On another occasion when John Cook says:

I've assumed the answer is no in my ratings (if in doubt, neutral).

co-author and fellow mass rater Sarah Green responds :

2012-03-04 04:41:16

John,
I will shift to go with the boss on the CFC, HFC issue; may have to revisit some.
The papers I've rated as implicit are fundamental measurements of (i) gobal warming potential (absorbance spectra) or (ii) kinetics of fluorinated hydrocarbons with OH (i.e. to determine their atmospheric lifetime). So they are doing more than mentioning it in passing; they are implicitly saying these anthropogenic gases can change the climate. But, maybe not that they ARE changing it.
Anyhow, I try to always err toward neutral.

The innocent face pose alone; wondering in the paper that ELSD has somehow mysteriously gripped the raters - is enough to make me heave, but seeing rater/author difference *used* like this as part of the "scientific" conclusion seems pretty damn shonky if not paper damagingly deceptive.

Oct 14, 2013 at 3:43 PM |

The Leopard In The Basement

Brandon:

Even if one feels my tone is horrible, my criticism is still clear and damning. It should be discussed, not ignored.

If you want the point fairly discussed, wouldn't you want it dispassionately discussed? People shouldn't "win a debate" based on who is able to keep a level head, while the other person is insulting them. I wouldn't personally want threads to get hijacked over the tone of comments I had made. I would feel that I had failed to communicate myself effectively.

This shouldn't be about winning debates, it's not that way for me, it should be about understanding the best method for testing (in this case) the internal validity of assumptions made in the Cook paper. As to this:

A kappa statistic cannot show two data sets are incomparable. All it can ever show is there is some difference between the data sets. The fact two data sets have a difference doesn't mean they're incomparable. Different things are compared all the time.

Cook is making the assumption that it is appropriate to compare the two data sets when he makes the comparison of lumped rankings. As shub outlines, Cook then uses a very weak method to demonstrate consistency of his own data set. What shub is showing is that at if you use a stronger statistical test, even if you accept the premise that it is appropriate to compare the two data sets, then Cooks conclusions are still wrong.

In other worse, the kappa test is applied here as a test of the internal validity of the paper, and found to fail. You can argue whether this is the best statistic to use (it is overly conservative), but arguing that Cook's assumption of comparability of the two data sets is invalid misses the point of what is being tested.

We're just asking whether the paper is internally consistent or not. (In the software industry, this would be called software verification---does the program do what it purports to do. Software validation would be the equivalent of asking "is the assumption that the two data sets are comparable

In that respect, I don't agree with Richard Tol. There is much to be discussed here. I think part of what needs to be discussed when researchers analyze papers, is what sort of tests get made.

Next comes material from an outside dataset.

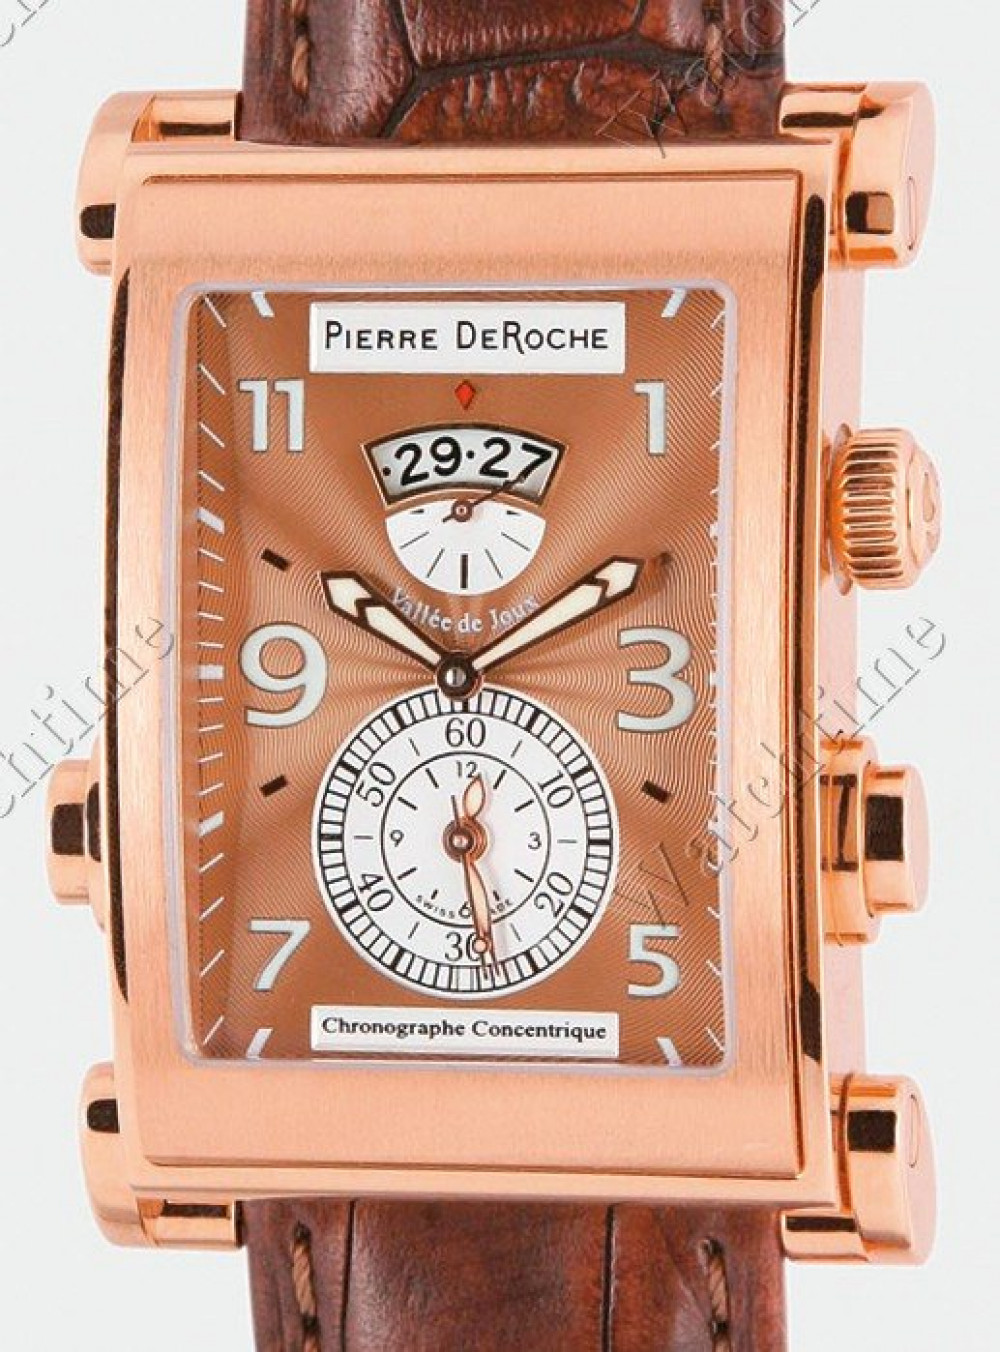 Zegarek firmy DeRoche Pierre, model MDA

It might be blindingly obvious to you that the data sets aren't the same, but clearly there are plenty of people, Cook, Nuccitelli, all of the reviewers of their paper, the editor of the journal, and many others who don't agree with this conclusion.

That's why it is necessary to show that, even starting with the authors assumptions, the authors conclusions are unwarranted.

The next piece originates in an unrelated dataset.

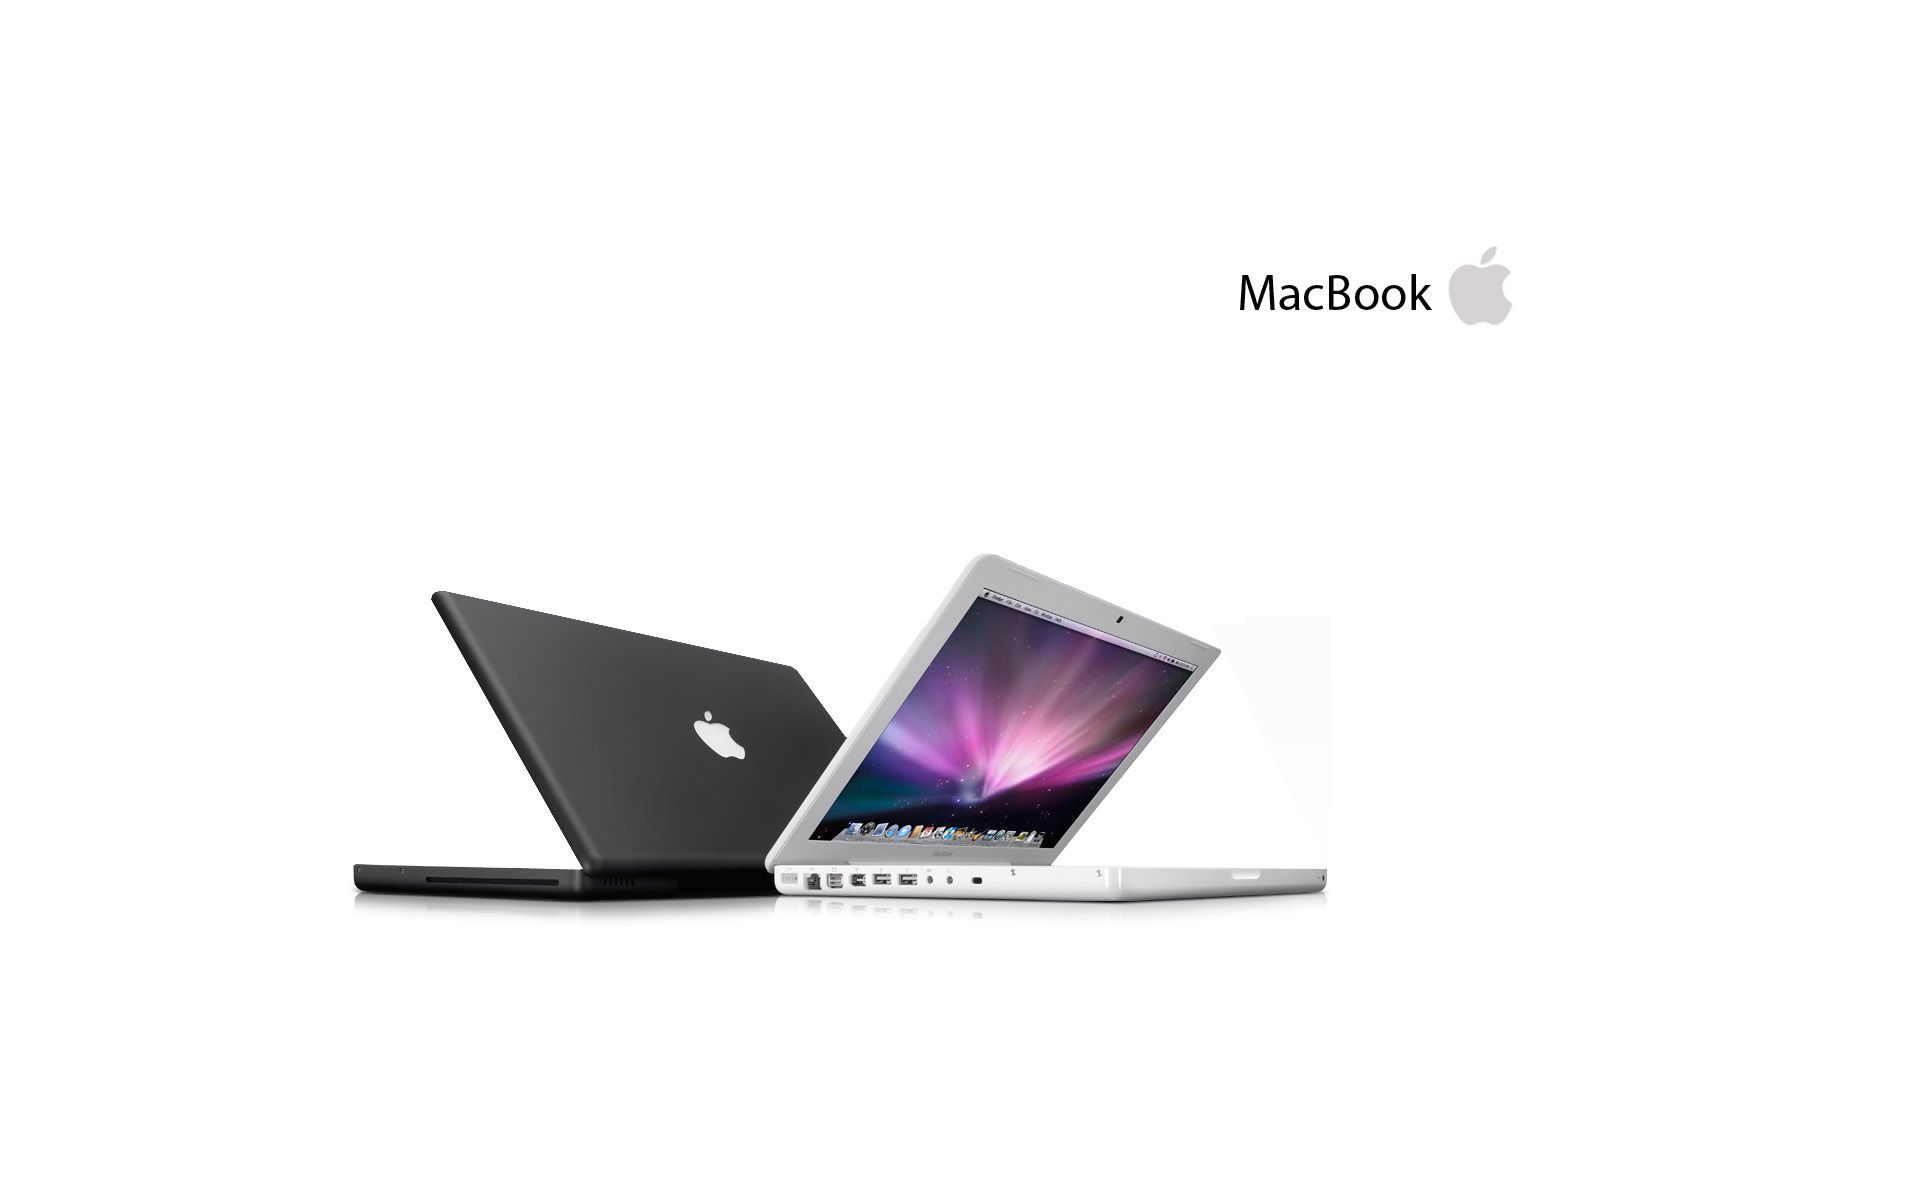 Leopard, desktop, mac, wallpaper, macbook, laptop, background (#3764)

Now you can address (non-abusively) if you prefer that Cook didn't make this assumption. I'd have to say in response, he didn't make the assumption until he did, then he did so repeatedly. I would say you would be cherry picking his paper (and other comments he's made since) if you are really claiming that Cook doesn't think the two data sets can be compared.

His claims of external validity rests almost entirely on the comparison of their rankings with the authors. And acceptance of the external validity of the paper, as we've seen from responses to Tol's criticisms, also largely rests of the perceived consistency of Cook's lumped survey results with those of the authors.

Oct 14, 2013 at 4:07 PM |

Carrick

Sorry truncated sentence:

Oct 14, 2013 at 4:11 PM |

Carrick

@TLITB
Thanks for that.

Note that Cook has repeatedly refused to make public the results of his comparison of raters.

Oct 14, 2013 at 6:38 PM |

Richard Tol

@Richard Tol Oct 14, 2013 at 6:38 PM

Note that Cook has repeatedly refused to make public the results of his comparison of raters.

Yes I have learnt from this article illustration, and from what I am learning from all of you Pacific RIm Jaegers and Kaijus here (lol) and I think that seems the most interesting thing to see now. See how the raters themselves compare.

FWIW, for the record, I now see clearer what Ruth Dixon and Brandon Shollenberger say on the issue of comparing the rater abstract rating to author rating. Also looking into kappa (thanks wiki) it does seem there is too much differences in the categories being compared to make it meaningful. Especially, as Ruth DIxon points out, the Cook paper itself makes it explicit they expect differences:

Among self-rated papers not expressing a position on AGW in the abstract, 53.8% were self-rated as endorsing the consensus. Among respondents who authored a paper expressing a view on AGW, 96.4% endorsed the consensus.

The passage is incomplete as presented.